# Vapor barrier in a shed/ summerhouse



## 2dinners (Jun 9, 2011)

I have made a timber shed which i want to insulate should the vapor barrier go on the out side or inside if needed at all and what thickness should i use. Also should i do the roof as well or just walls. Thank you.


----------



## HomeInsulation (May 25, 2011)

Hey 2dinners,

I'm guessing that the shed is an australian slang term for cabin? Because I don't know why you would want to insulate a storage shed

But anyway, in almost all U.S. states, the vapor barrier goes on the interior. You should be looking at it if your standing inside the house. The same goes for the ceilings and floors.

The vapor barrier always faces the conditioned space, i.e. the space you heat or cool.

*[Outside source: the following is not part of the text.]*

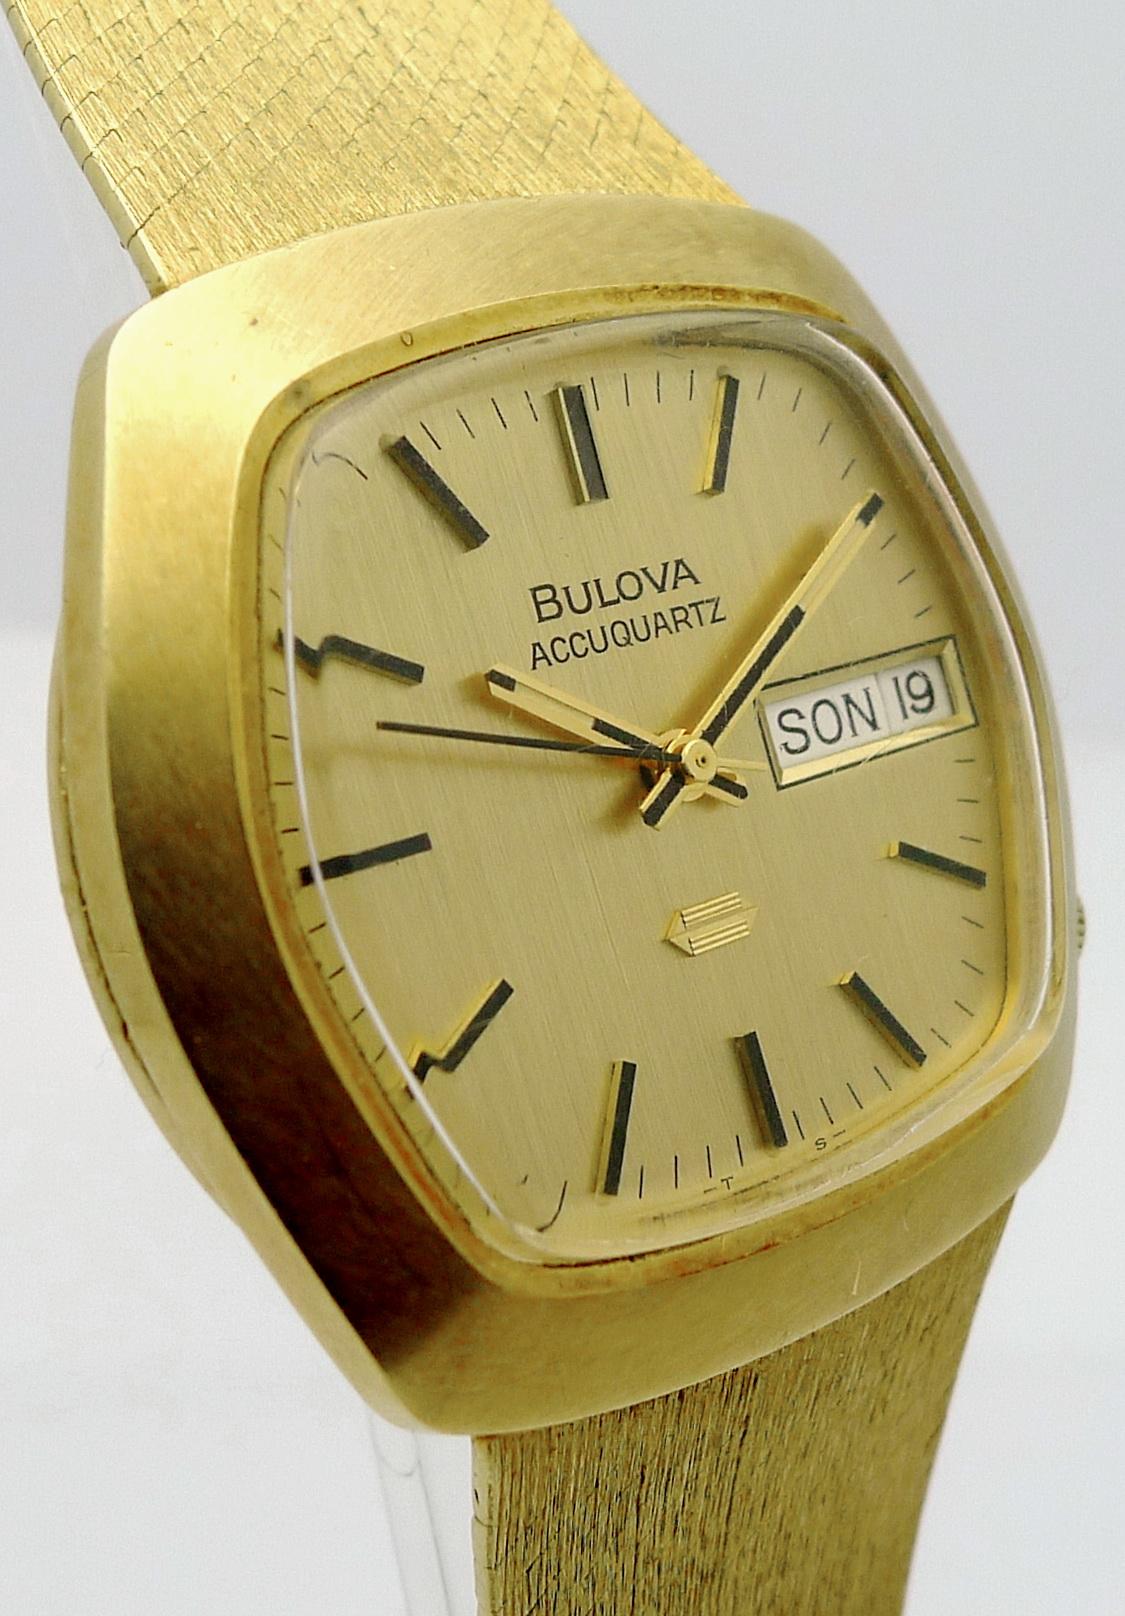 bulova accuquartz 18ct gold herren stimmgabel armbanduhr. Black Bedroom Furniture Sets. Home Design Ideas

For most residential insulation, a kraft faced vapor retarder like that on fiberglass insulation is more than enough.


----------



## Gary in WA (Mar 11, 2009)

Where are you located?


In the South, the vapor barrier always goes on the exterior, pp.6: http://www.buildingscience.com/docu.../rr-9302-humidity-control-in-the-humid-south/

Gary


----------



## 2dinners (Jun 9, 2011)

London


----------



## Gary in WA (Mar 11, 2009)

I'm not familiar with your climate/code, check with your local building department.

Gary


----------